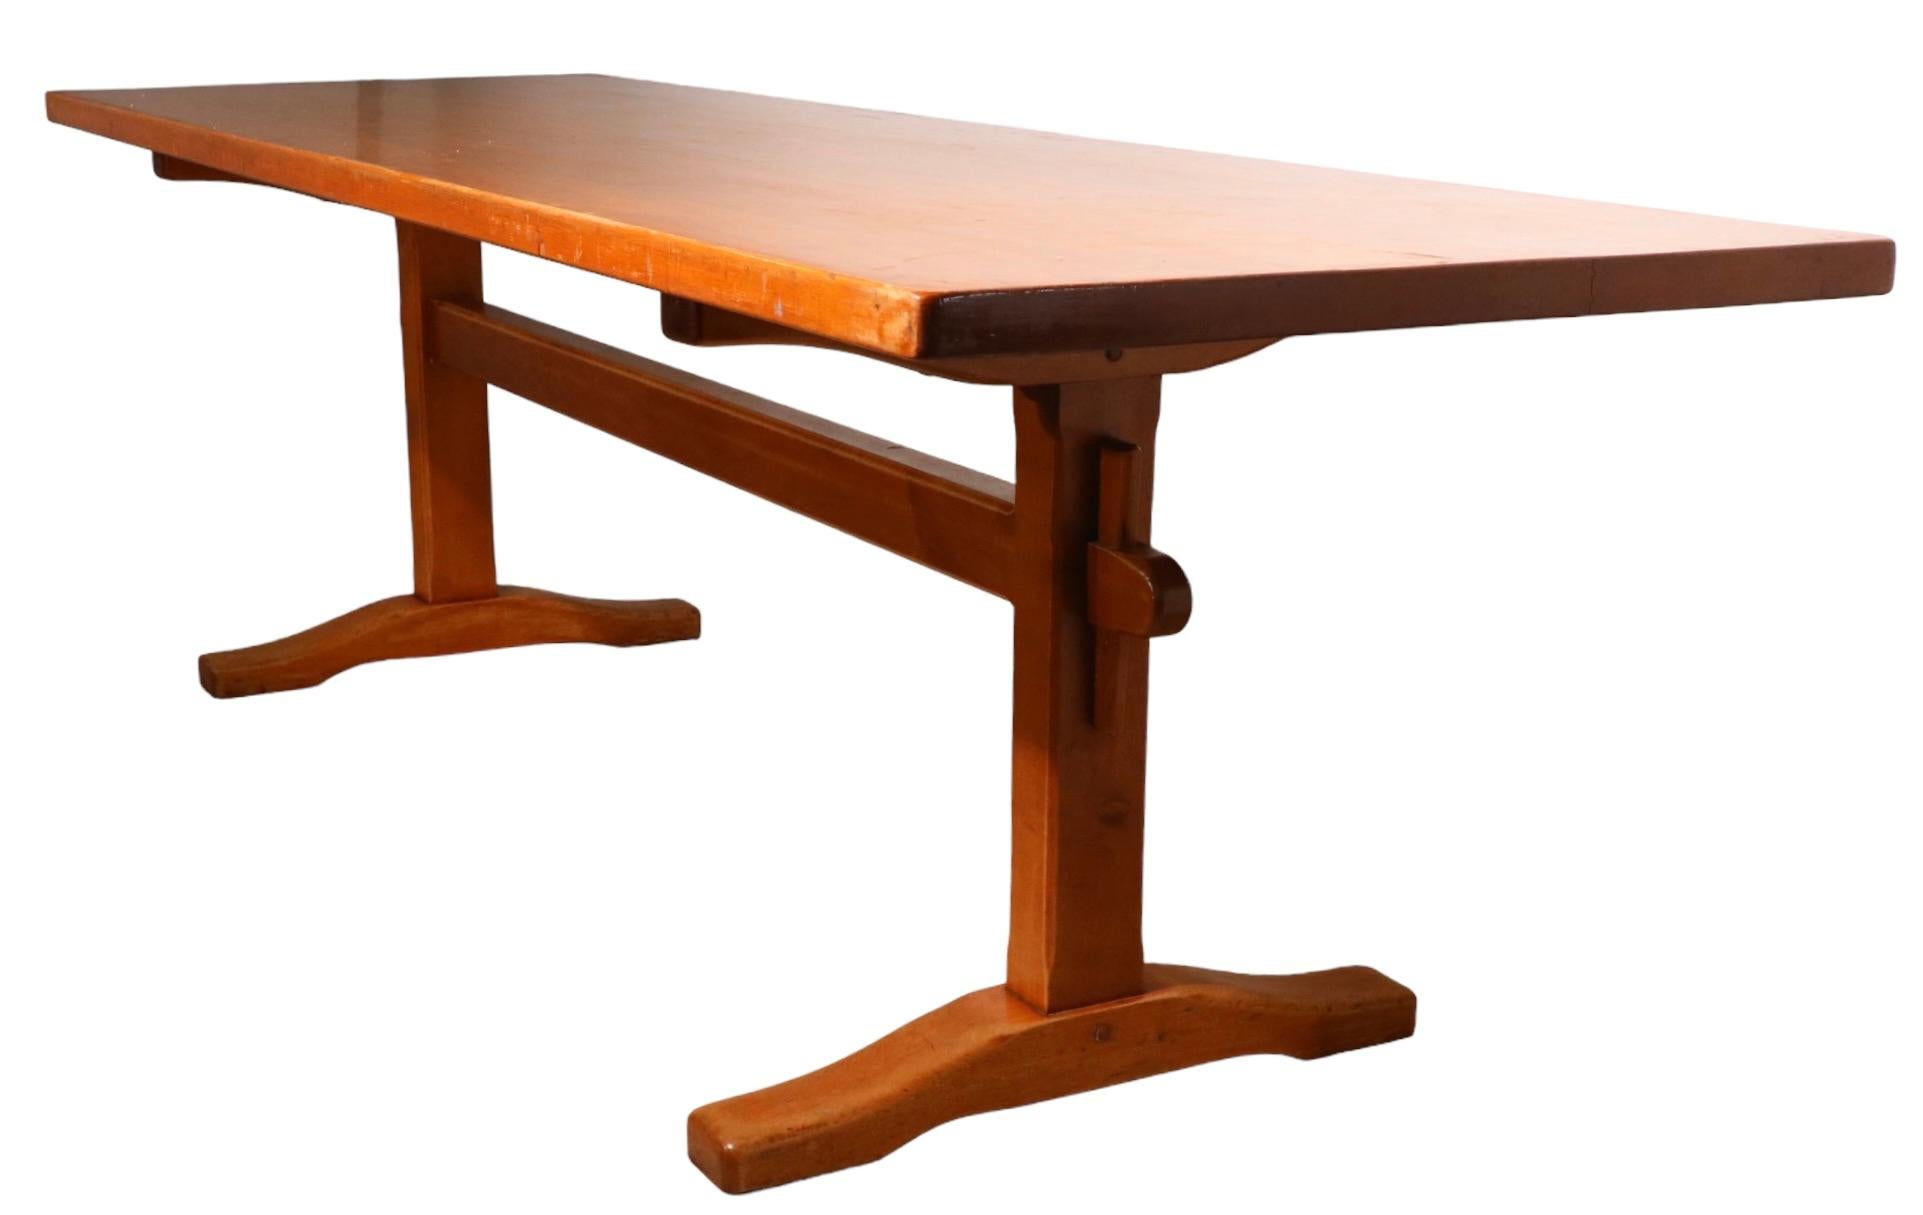 Exceptional group of farm tables made by Stickley, constructed of solid maple marked Stickley Fayetteville Syracuse. The tables feature a trestle form base which supports a thick rectangular top. This table is model 6010 from the Stickley catalogue,
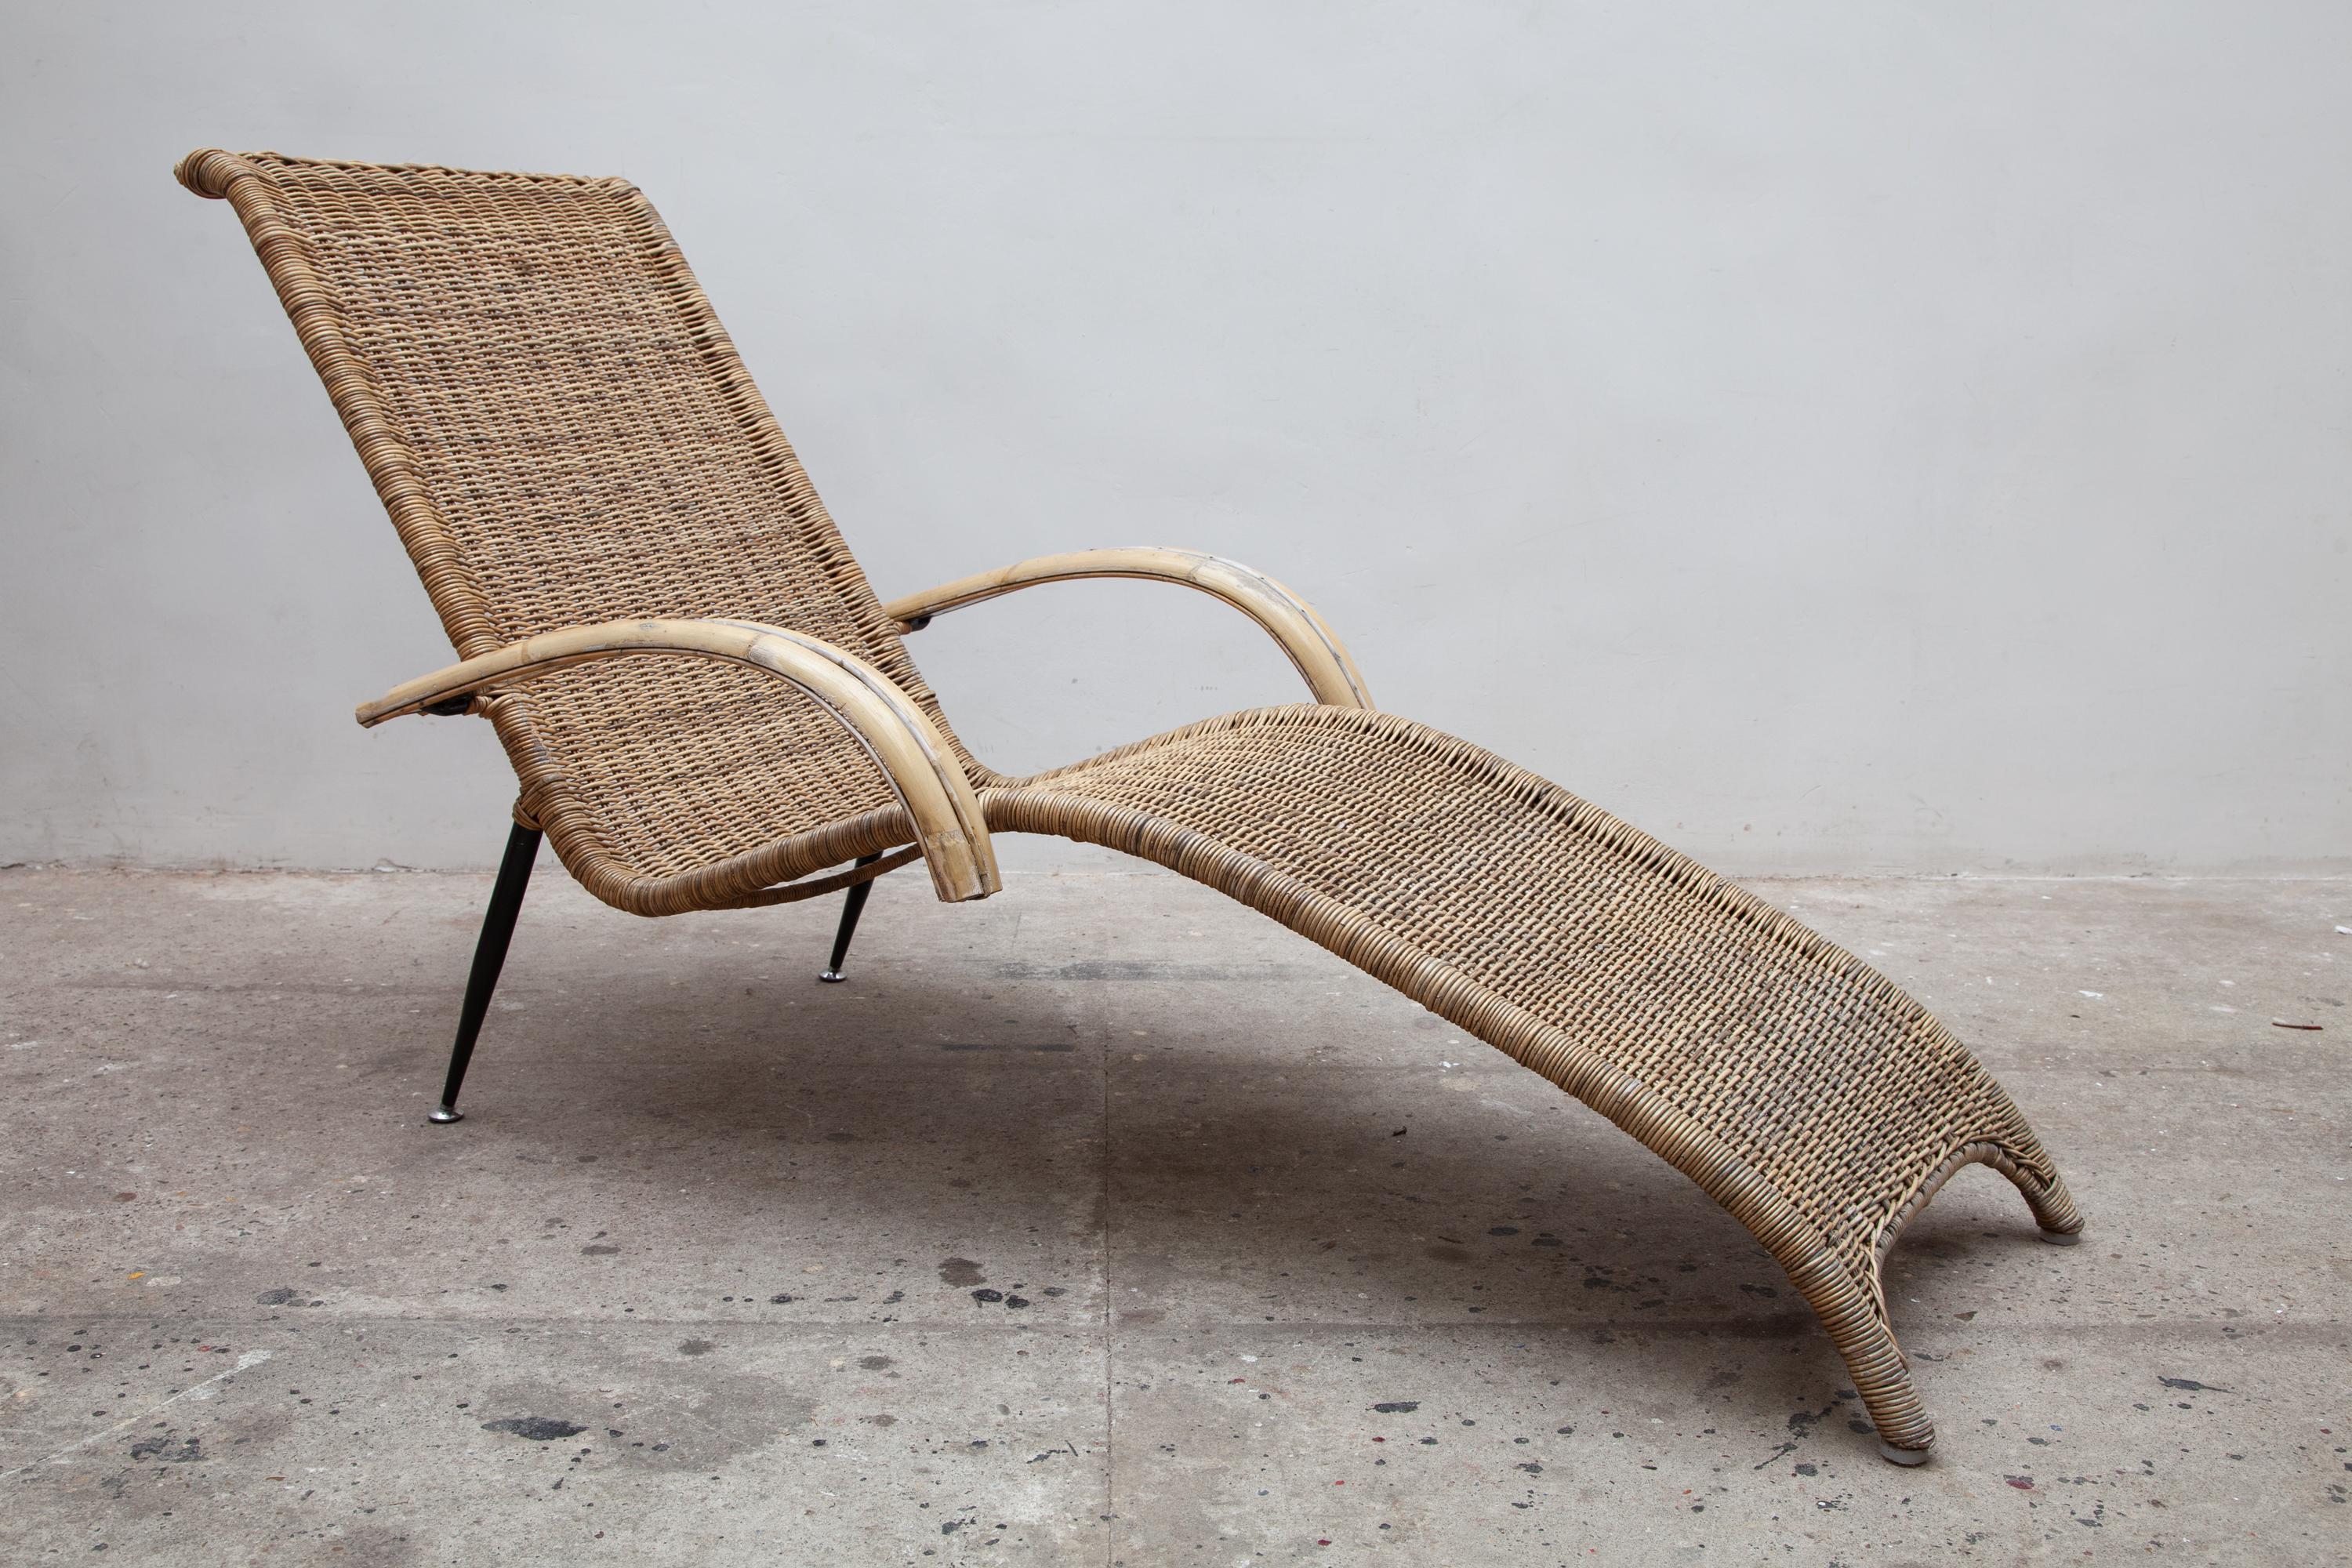 Rattan garden mid century lounge chairs. Woven wicker with bamboo armrests and metal legs. Sturdy metal frame.

Dimensions: 170 W x 70 D x 86 H cm.
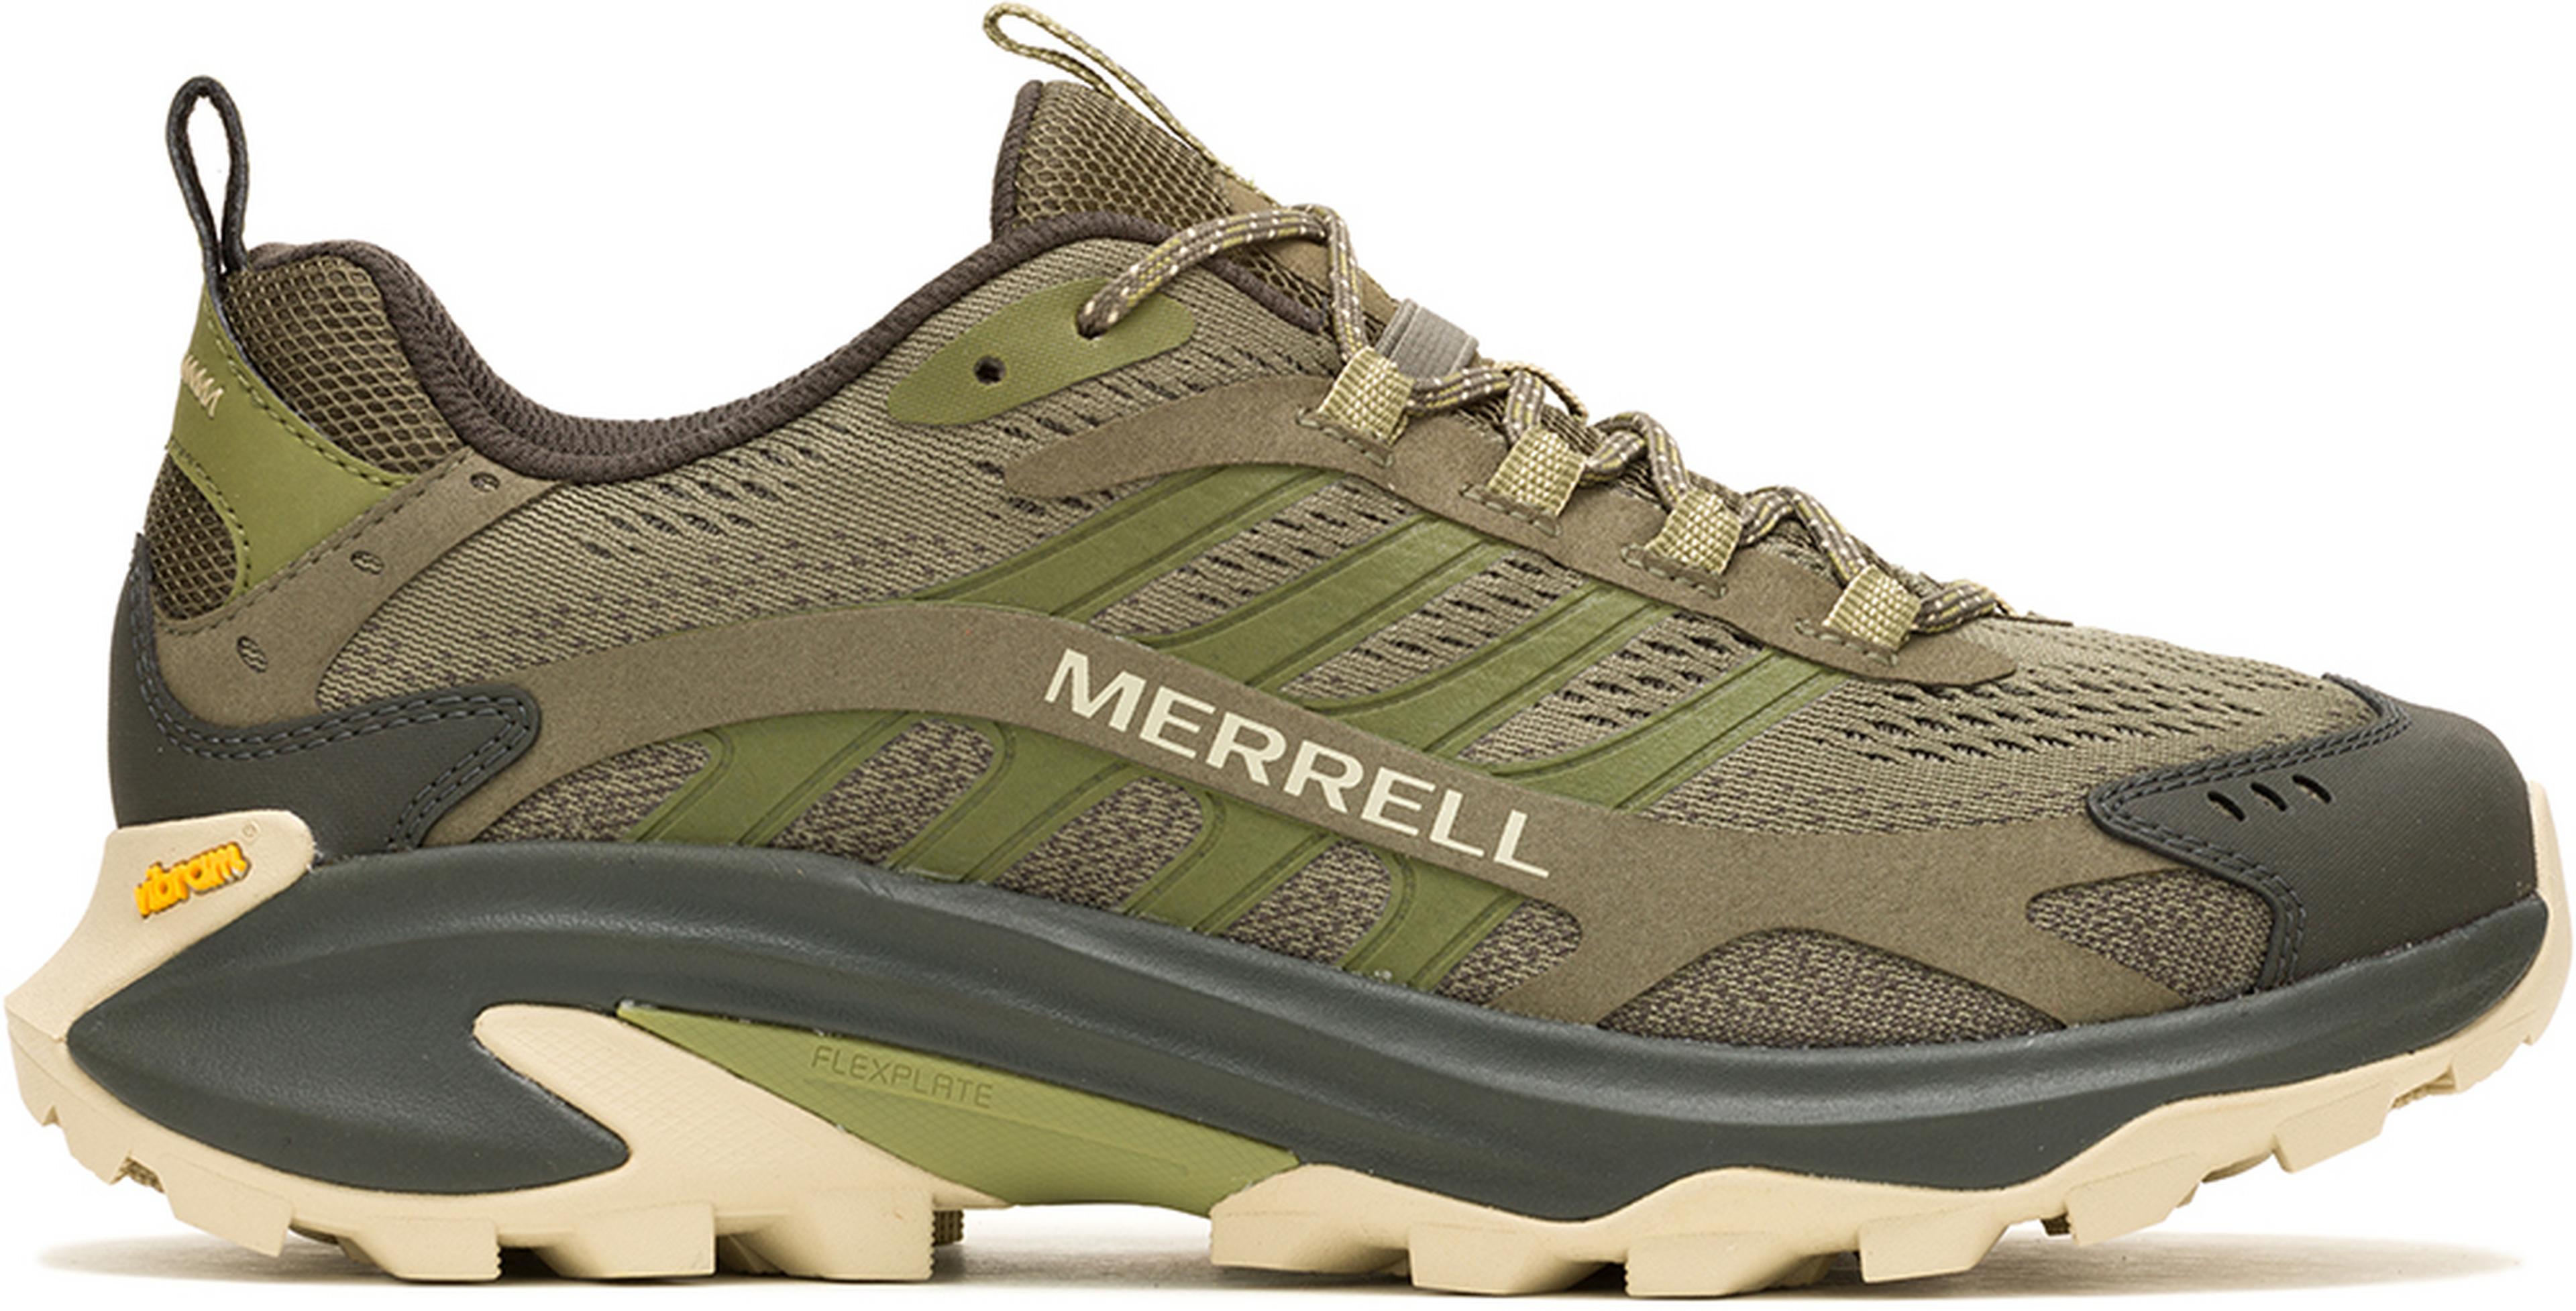 Merrell Moab Speed 2 Hiking Shoes
----
__Goal of the exercise__
What you return should match the material line for line, with the images removed.

__Reply__
 Exceptional group of farm tables made by Stickley, constructed of solid maple marked Stickley Fayetteville Syracuse. The tables feature a trestle form base which supports a thick rectangular top. This table is model 6010 from the Stickley catalogue,
 Rattan garden mid century lounge chairs. Woven wicker with bamboo armrests and metal legs. Sturdy metal frame.

Dimensions: 170 W x 70 D x 86 H cm.
 Merrell Moab Speed 2 Hiking Shoes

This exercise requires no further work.